Agricultural Economics and Extension Project Topics

The Effects of Climate Change Adaptation Strategies on Food Crop Production Efficiency in Southwestern Nigeria

The Effects of Climate Change Adaptation Strategies on Food Crop Production Efficiency in Southwestern Nigeria

The Effects of Climate Change Adaptation Strategies on Food Crop Production Efficiency in Southwestern Nigeria

Chapter One

Objectives of the Study

The broad objective of this study is to examine the influence of climate change adaptation strategies on efficiency in food crop production in Southwestern Nigeria. The specific objectives are to:

  • describe the socio-economic characteristics of farmers and farming systems in food crop production in the study area;
  • identify climate change adaptation strategies used by food crop farmers in the study area;
  • identify factors that influence the choice of climate change adaptation strategies used by food crop farmers;
  • estimate technical and profit efficiencies in food crop production in the study area;
  • determine the influence of climate change adaptation strategies used by the farmers on food crop production efficiency in the study area;
  • assess the variations in levels of technical efficiency in food crop production as a result of simulated changes in selected climate change adaptation strategies that could be influenced by policy;
  • identify constraints to climate change adaptation by the respondents in the study area;
  • make recommendations for improving food crop production efficiency vis-à-vis the climate change.
CHAPTER TWO
LITERATURE REVIEW
Concept of Climate Change

 

The United Nations Framework Convention on Climate Change (UNFCCC) (as cited in Onyeneke & Madukwe, 2010) defines climate change as a change of climate which is attributed directly or indirectly to human activity that alters the composition of the global and/or regional atmosphere and which is in addition to natural climate variability observed over comparable time periods.

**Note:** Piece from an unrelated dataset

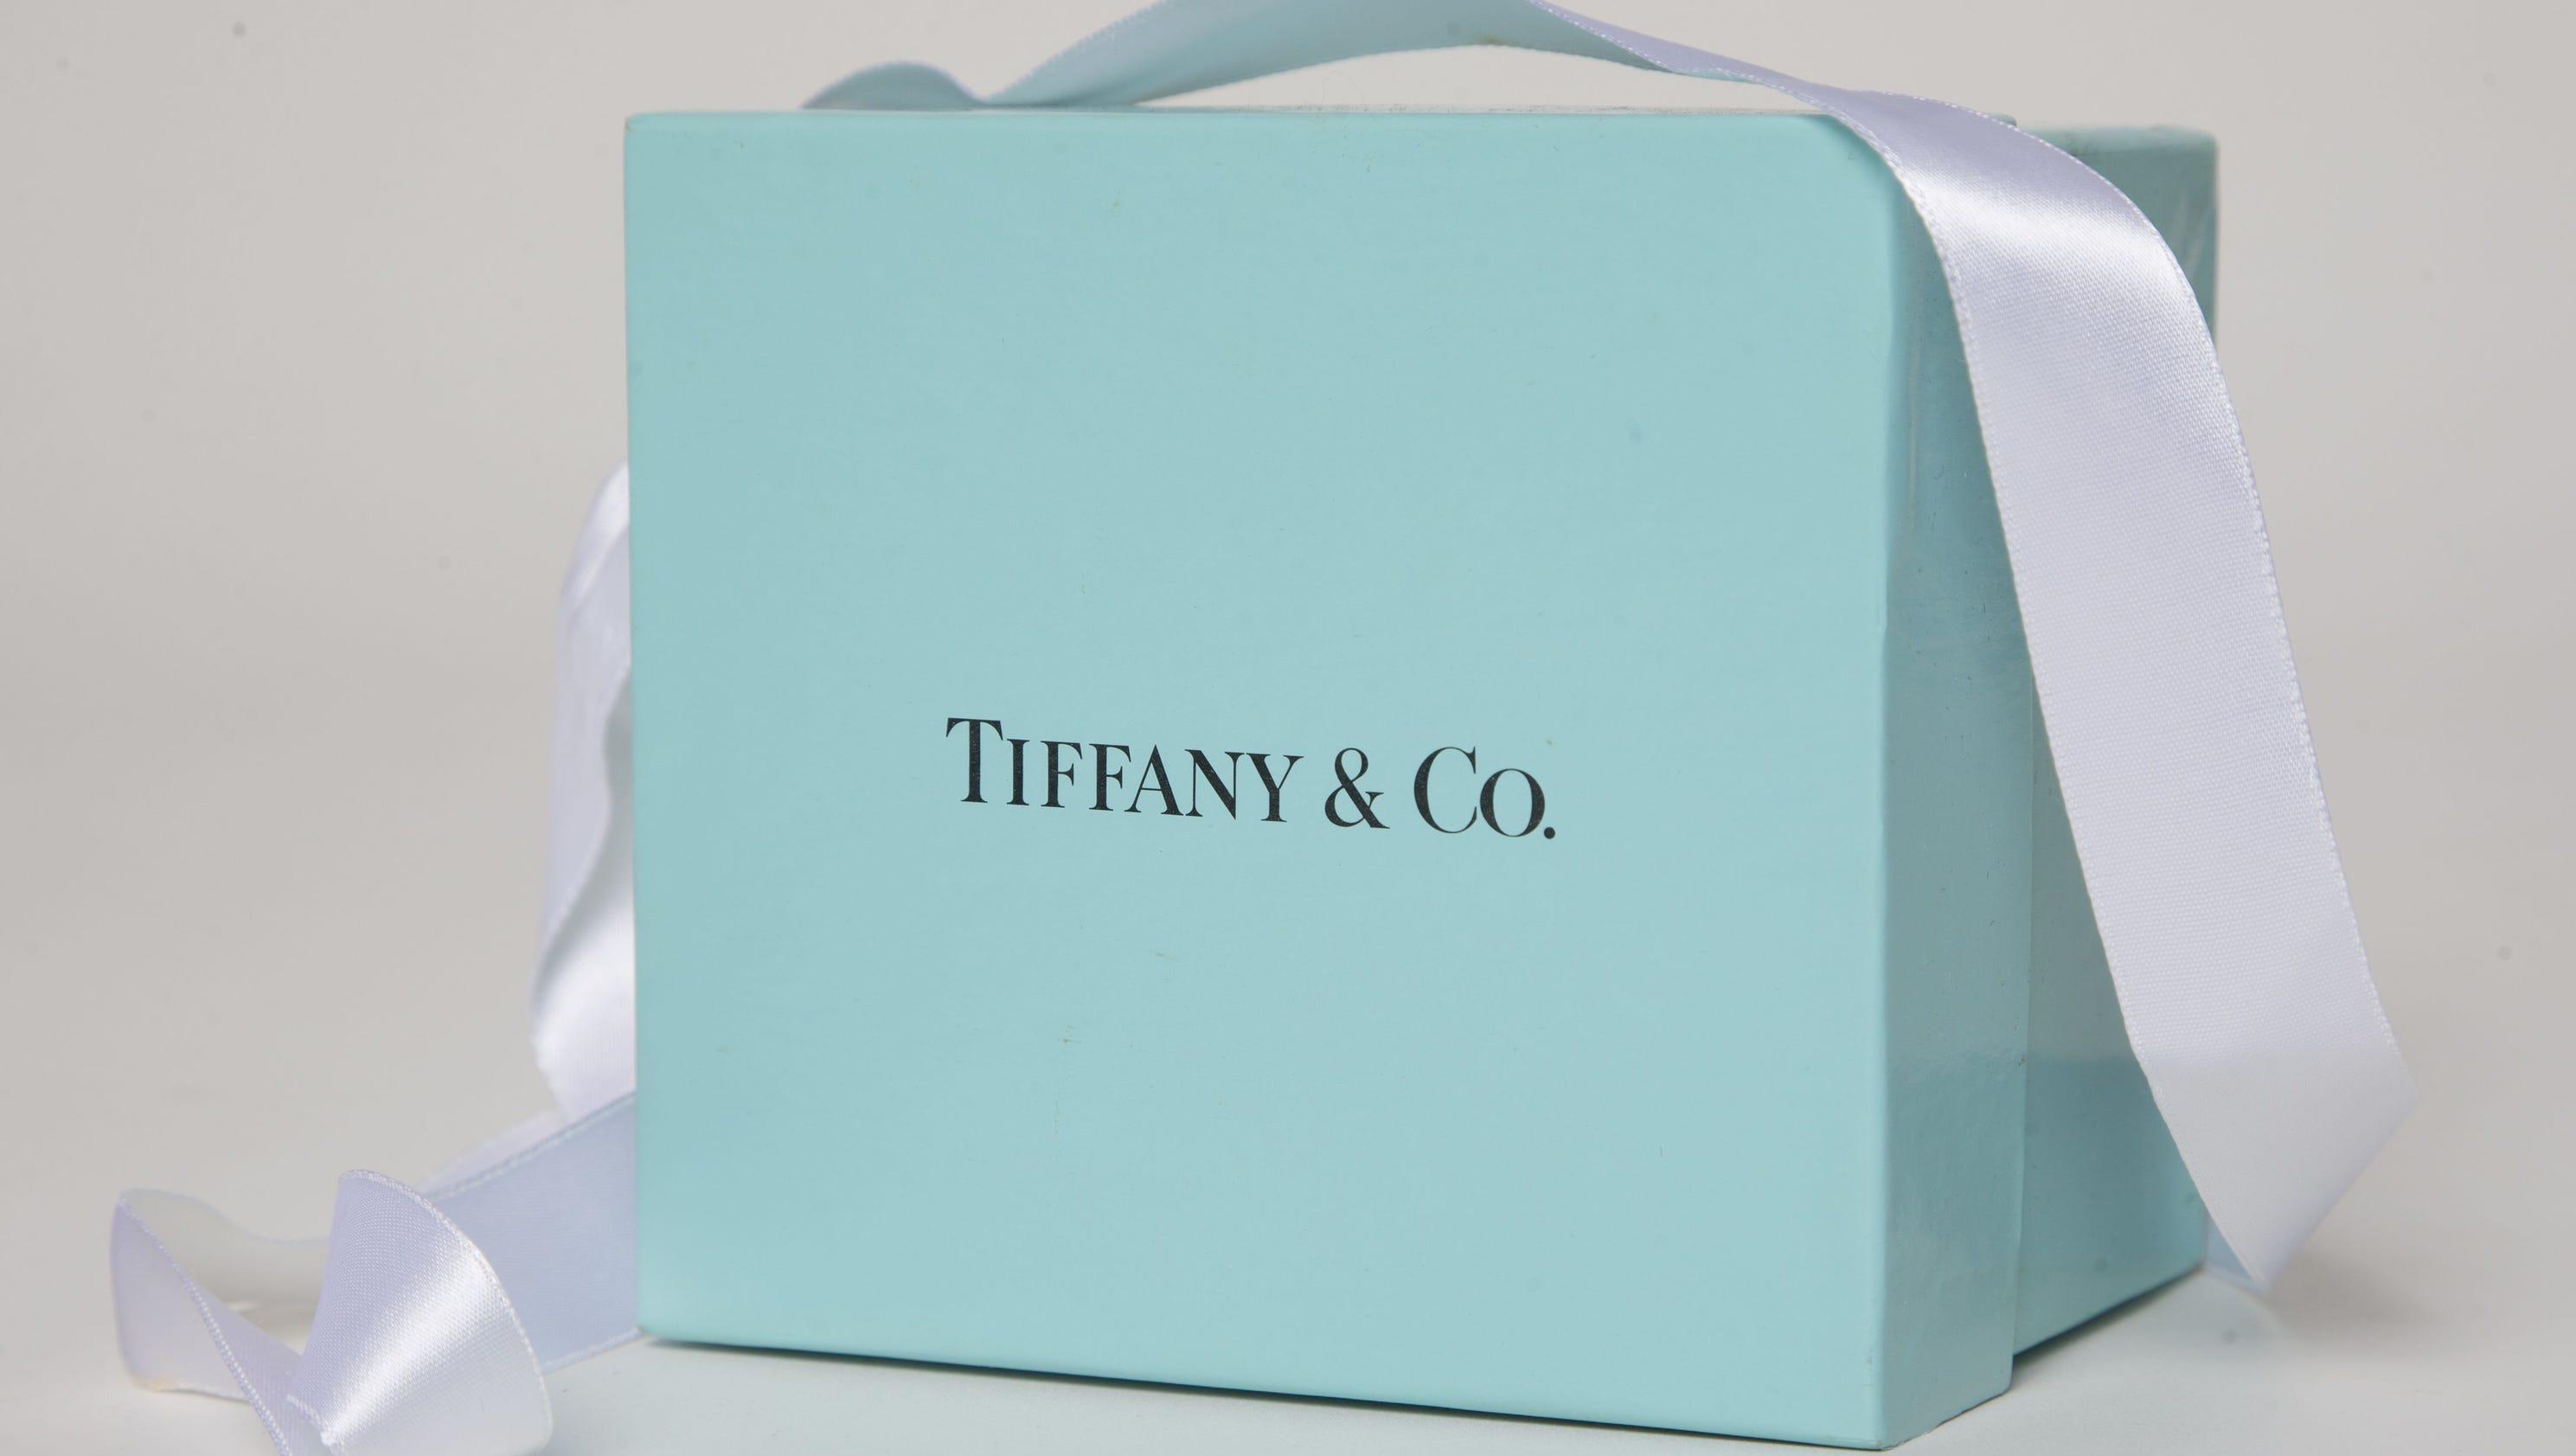 Tiffany & Co. leaving Downtown Cincinnati, moving to Kenwood Towne ...

IPCC (2007) defines climate change as a change in the state of the climate that can be identified (e.g. by using statistical tests) by change in the mean and/or the variability of its properties, and that persists for an extended period typically decades or longer.

Although the Earth’s climate is constantly changing and global climate change occurs naturally, the rate of future climate change may be more rapid than at any time in the last 10,000 years. The majority of the world’s scientists who study this topic conclude that this expected climate change would differ from previous climate change because of human activities. Therefore, climate change is the slow change in the composition of the global atmosphere, which is caused directly and indirectly by various human activities in addition to natural climate variability over time (Koehler-Munro & Goddard, 2010).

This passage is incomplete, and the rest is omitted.